To finetune a DeiT-base on 384 resolution images for 30 epochs, starting from a DeiT-base trained on 224 resolution images, do (make sure that the weights to the original model have been downloaded before, to avoid multiple workers writing to the same file):

python run_with_submitit.py --model deit_base_patch16_384 --batch-size 32 --finetune https://dl.fbaipublicfiles.com/deit/deit_base_patch16_224-b5f2ef4d.pth --input-size 384 --use_volta32 --nodes 2 --lr 5e-6 --weight-decay 1e-8 --epochs 30 --min-lr 5e-6

License

This repository is released under the Apache 2.0 license as found in the LICENSE file.

Contributing

We actively welcome your pull requests! Please see CONTRIBUTING.md and CODE_OF_CONDUCT.md for more info.

Owner
Facebook Research
Facebook Research
Convert Pytorch model to onnx or tflite, and the converted model can be visualized by Netron

Convert Pytorch model to onnx or tflite, and the converted model can be visualized by Netron

Roxbili 5 Nov 19, 2022
Towards Boosting the Accuracy of Non-Latin Scene Text Recognition

Convolutional Recurrent Neural Network + CTCLoss | STAR-Net Code for paper "Towards Boosting the Accuracy of Non-Latin Scene Text Recognition" Depende

Sanjana Gunna 7 Aug 07, 2022
Source code and data from the RecSys 2020 article "Carousel Personalization in Music Streaming Apps with Contextual Bandits" by W. Bendada, G. Salha and T. Bontempelli

Carousel Personalization in Music Streaming Apps with Contextual Bandits - RecSys 2020 This repository provides Python code and data to reproduce expe

Deezer 48 Jan 02, 2023
A video scene detection algorithm is designed to detect a variety of different scenes within a video

Scene-Change-Detection - A video scene detection algorithm is designed to detect a variety of different scenes within a video. There is a very simple definition for a scene: It is a series of logical

1 Jan 04, 2022
Sequential Model-based Algorithm Configuration

SMAC v3 Project Copyright (C) 2016-2018 AutoML Group Attention: This package is a reimplementation of the original SMAC tool (see reference below). Ho

AutoML-Freiburg-Hannover 778 Jan 05, 2023
Code for HodgeNet: Learning Spectral Geometry on Triangle Meshes, in SIGGRAPH 2021.

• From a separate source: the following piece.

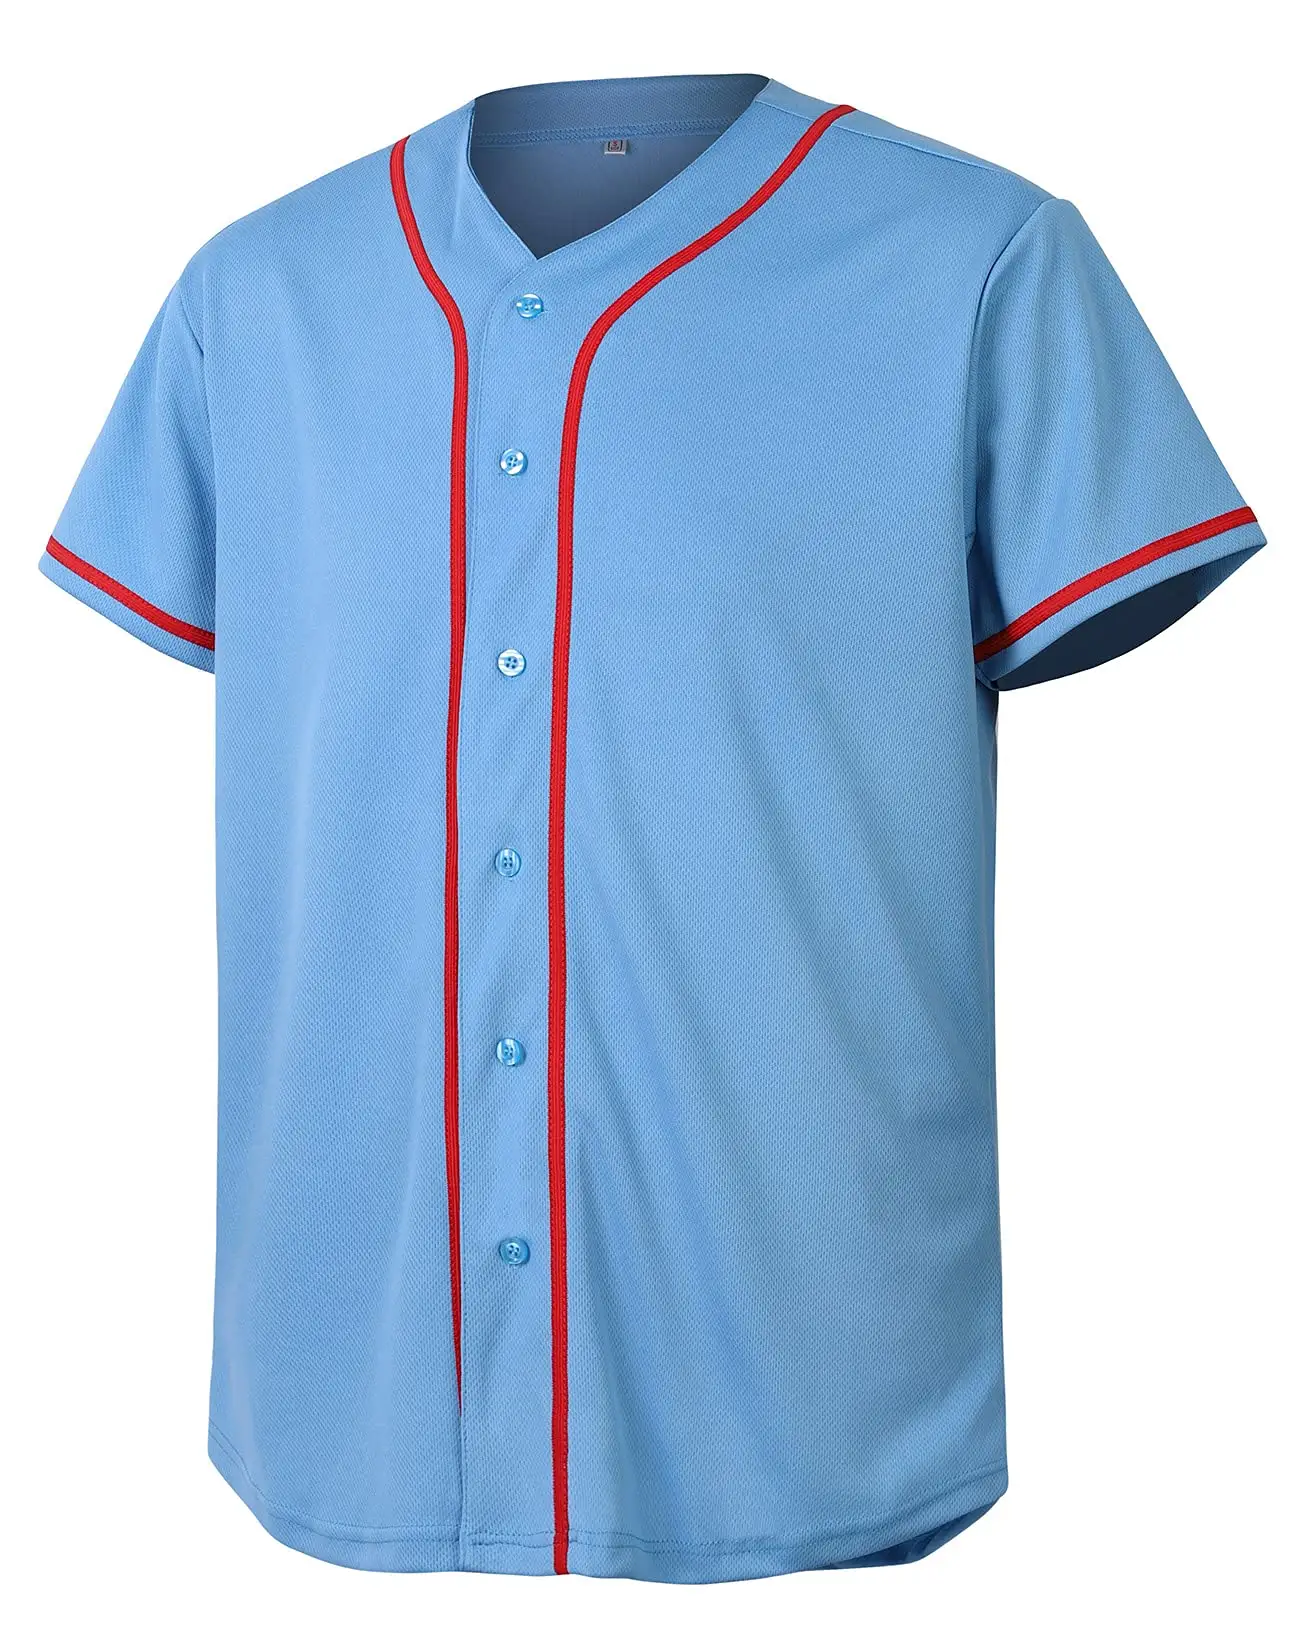 Unique Baseball Jersey With Customized logo Printed New Fashion Baseball Shirt Softball Game Training Clothes Men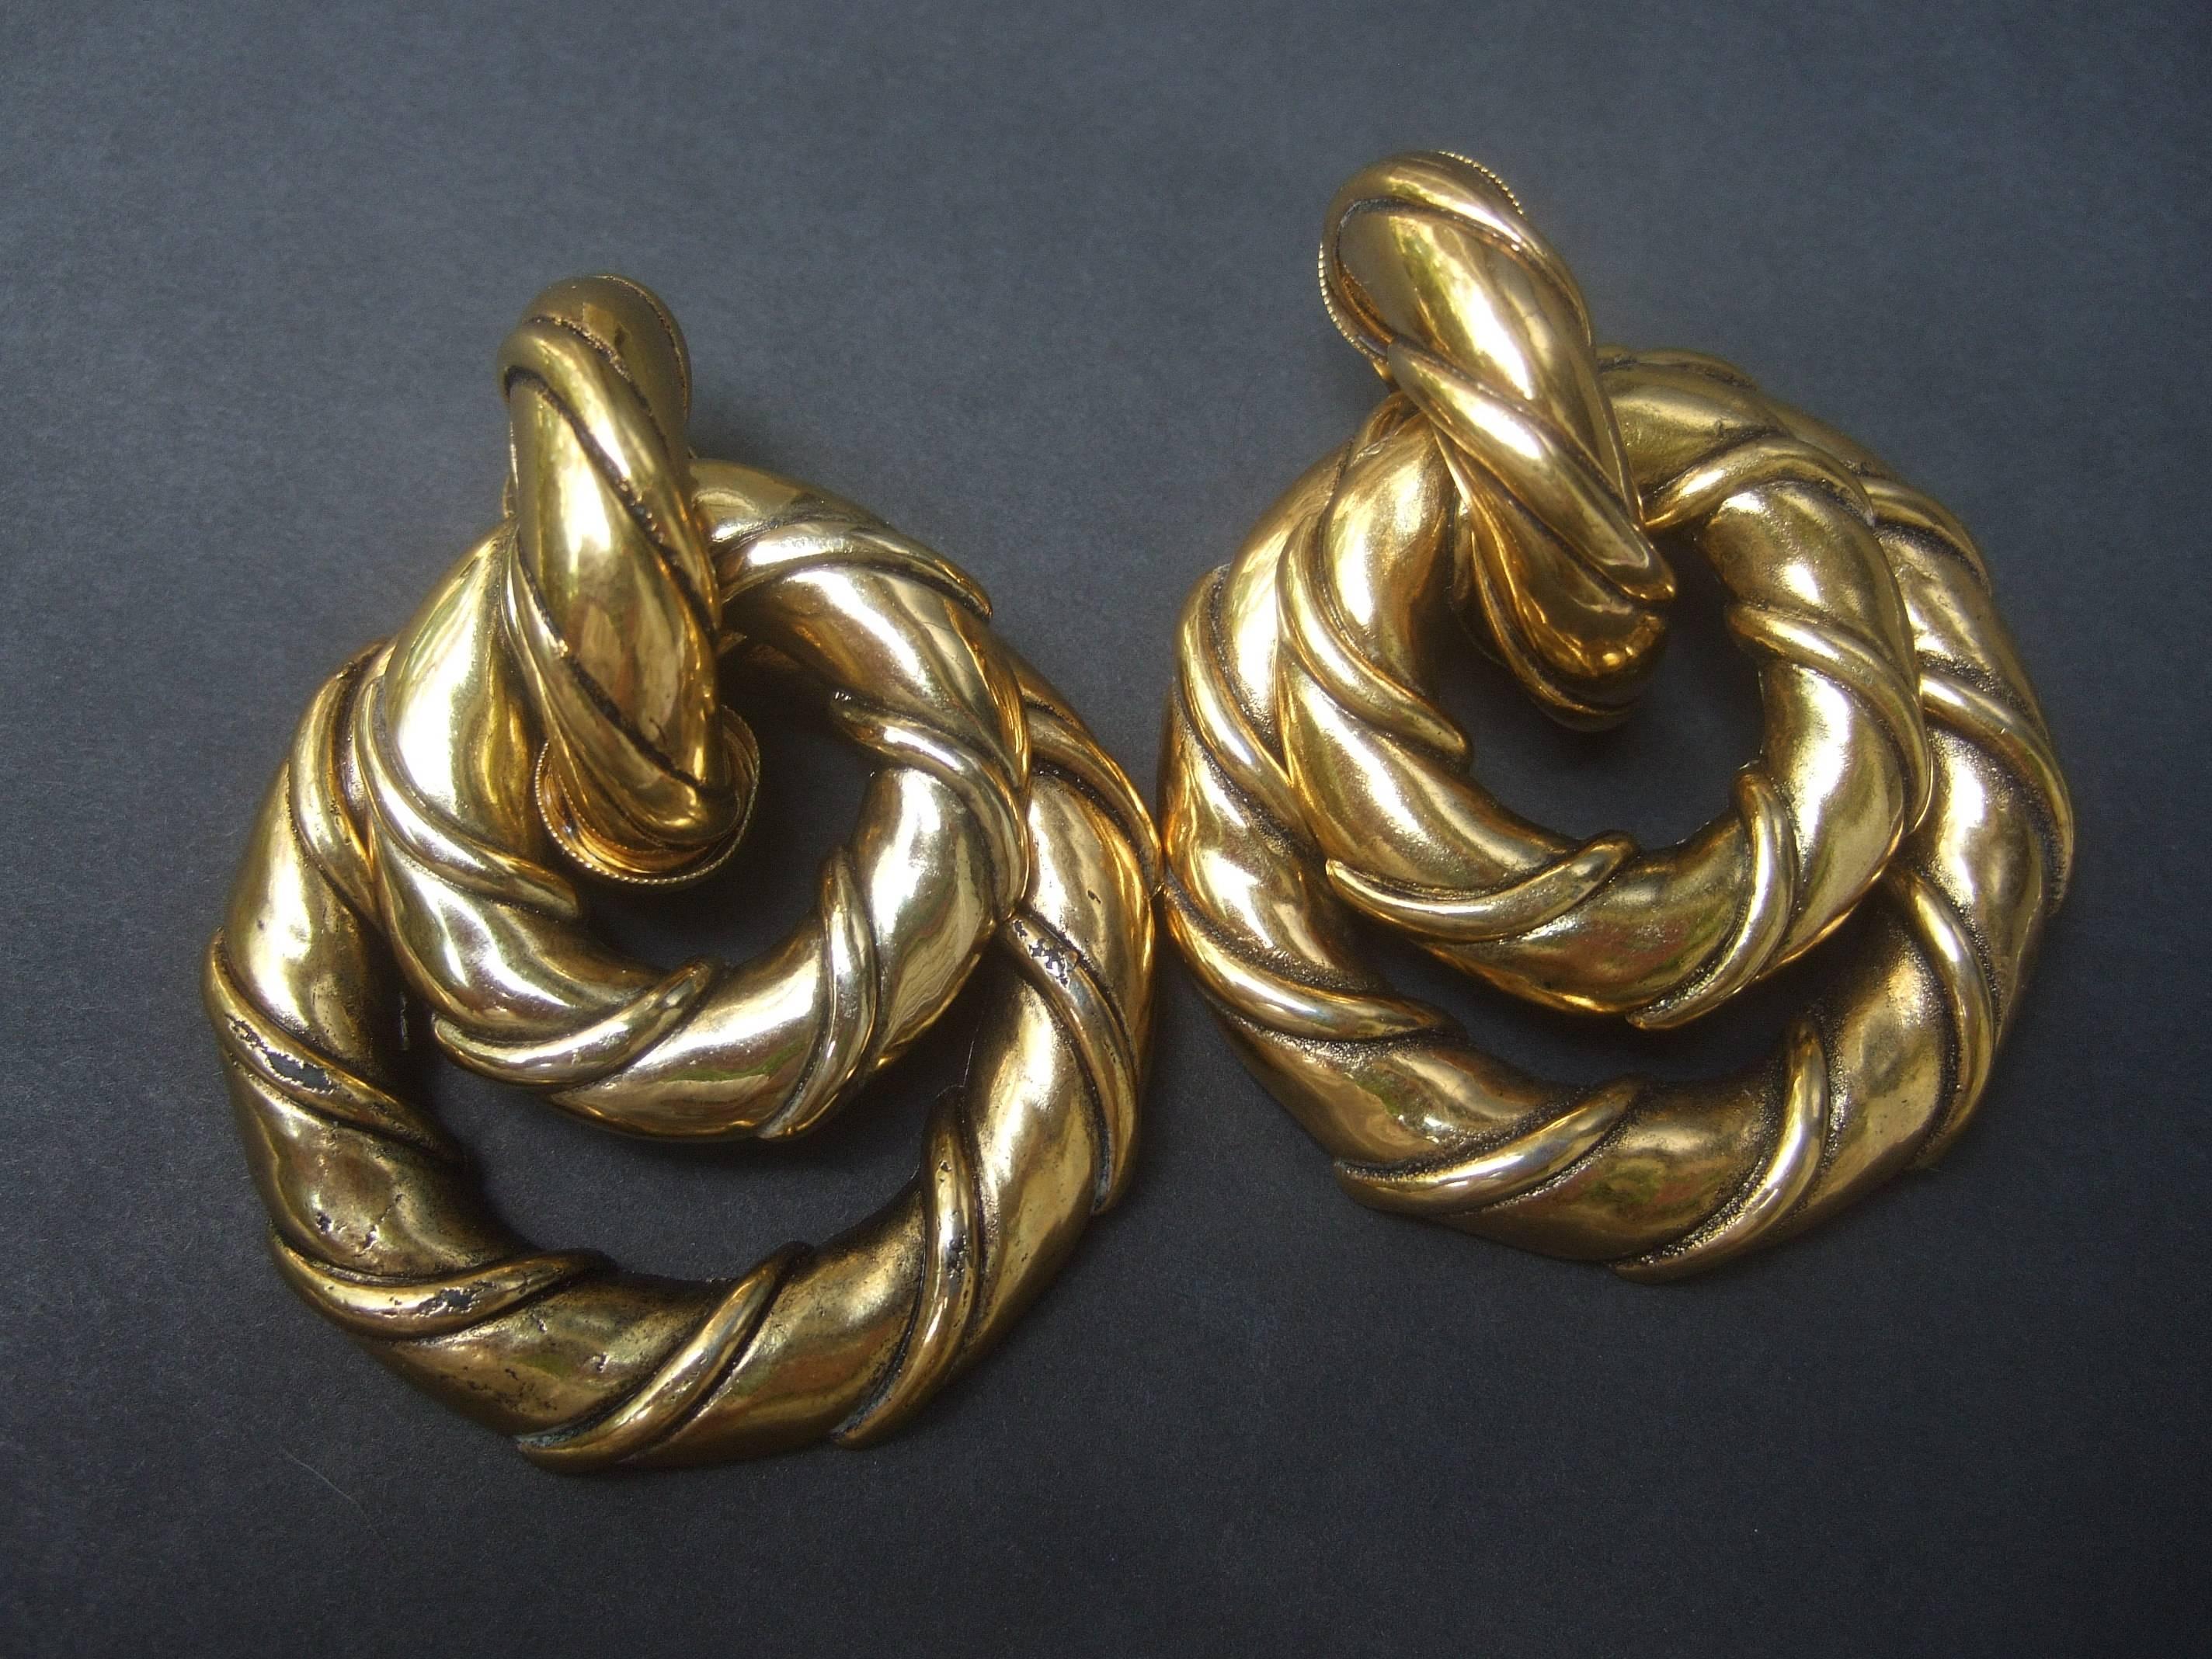  Gilt Metal Interchangeable Hoop Earrings by Une Ligne Paris  For Sale 2

HodgeNet | Webpage | Paper | Video HodgeNet: Learning Spectral Geometry on Triangle Meshes Dmitriy Smirnov, Justin Solomon SIGGRAPH 2021 Set-up To ins

Dima Smirnov 61 Nov 27, 2022
Distributing reference energies for SMIRNOFF implementations

Warning: This code is currently experimental and under active development. Is it not yet suitable for distribution or use as reference implementation.

Open Force Field Initiative 1 Dec 07, 2021
TigerLily: Finding drug interactions in silico with the Graph.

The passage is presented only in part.